Hez bent over and coughed up a little water. He coughed a few more times, but it was beginning to sound less wet. He straightened.

“I’m still alive and kicking, buddy. I’m just glad you’re okay. I—I couldn’t bear to lose you t-t—”

He broke off, and Savannah heard the word too at the end of that sentence. She wasn’t the only one who had relived Ella’s death in the last half hour.

A crew member touched his arm. “Let’s sit you down on the bench until the ambulance gets here.”

Hez’s blue eyes narrowed and he shook his head. “I don’t need an ambulance.”

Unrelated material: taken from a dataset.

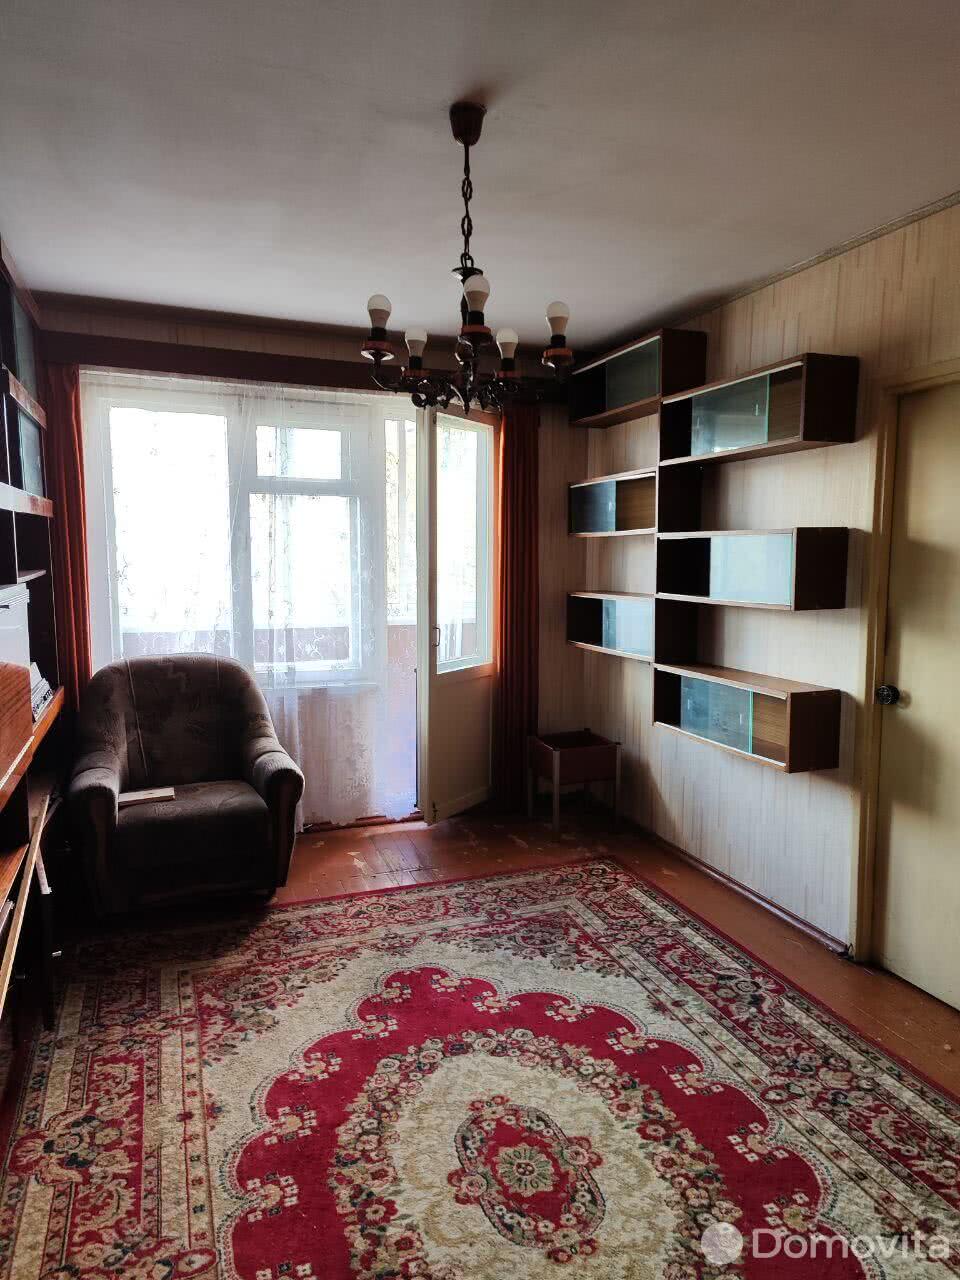 квартира, Минск, ул. Плеханова, д. 115, стоимость продажи 209 626 р.
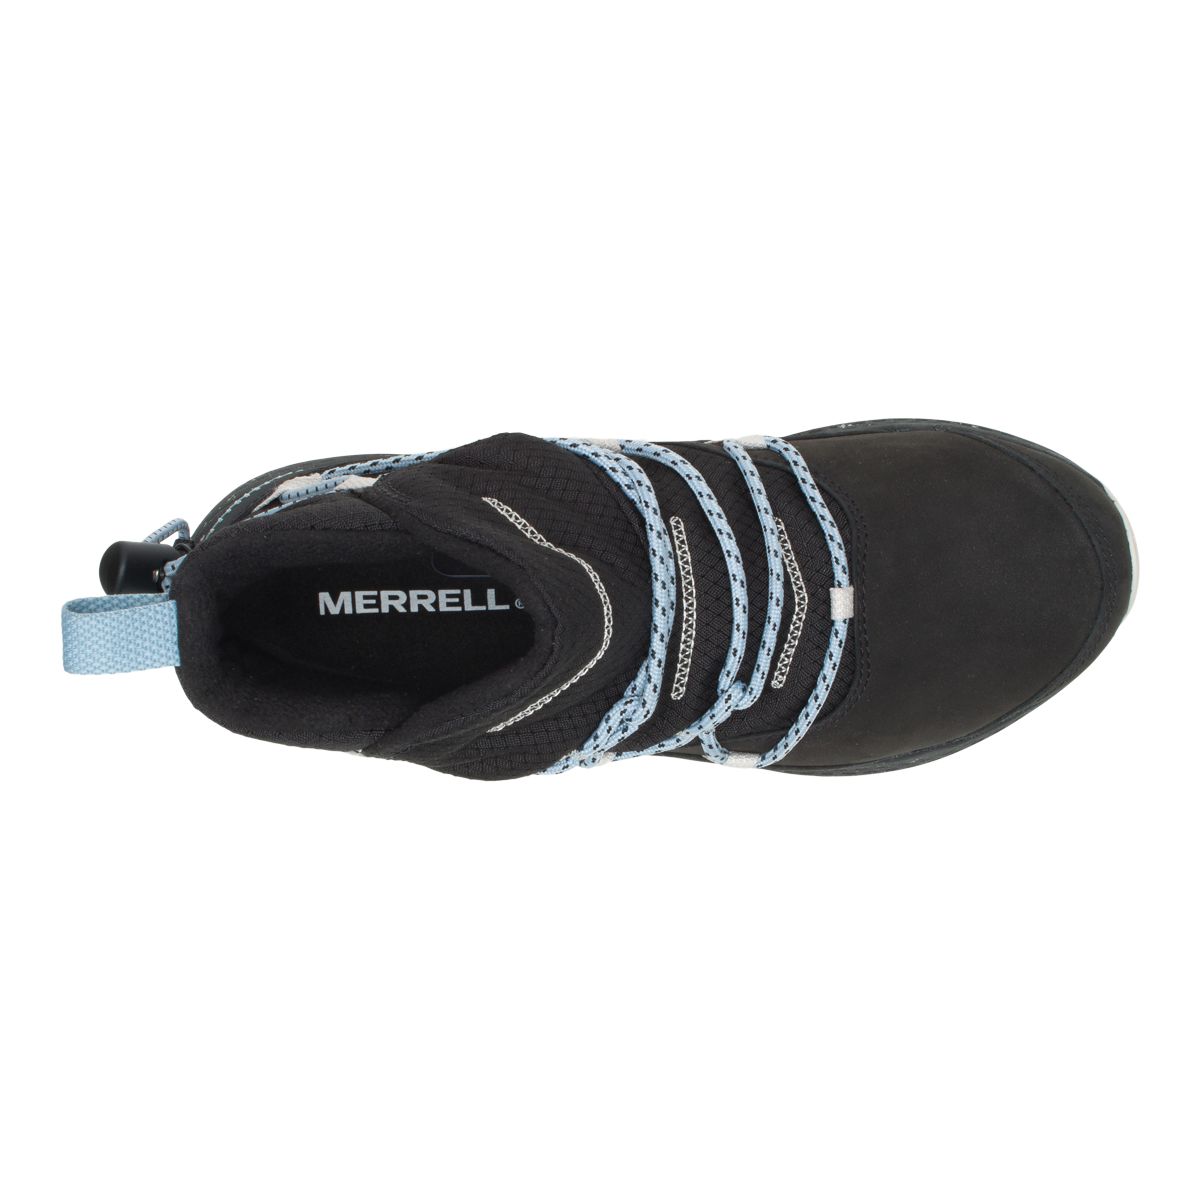 Buy MERRELL 11 Black/White Bravada 2 Waterproof online in British

“I’m afraid we have to insist, sir.” The man led him to the bench. “You’ll need to be under observation for a few hours. The

boy too.”

As soon as the man was out of the way, Savannah rushed to Hez’s side and knelt in front of him. The tight containment of her terror and horror dissolved, and she couldn’t hold back the tears any longer. “When you went under that water, I was so afraid I’d l-lost you.”

He pulled her up and onto his lap where he wrapped his arms around her. He was still shivering, but his smile warmed her as

she gazed down into his face. “I’ve got a wedding to attend, and it would take more than a riptide to stop me from putting

that ring back on your finger.”

She buried her face in his neck and breathed in the scent of his sage soap under the salty tang of his skin. Thank you, God.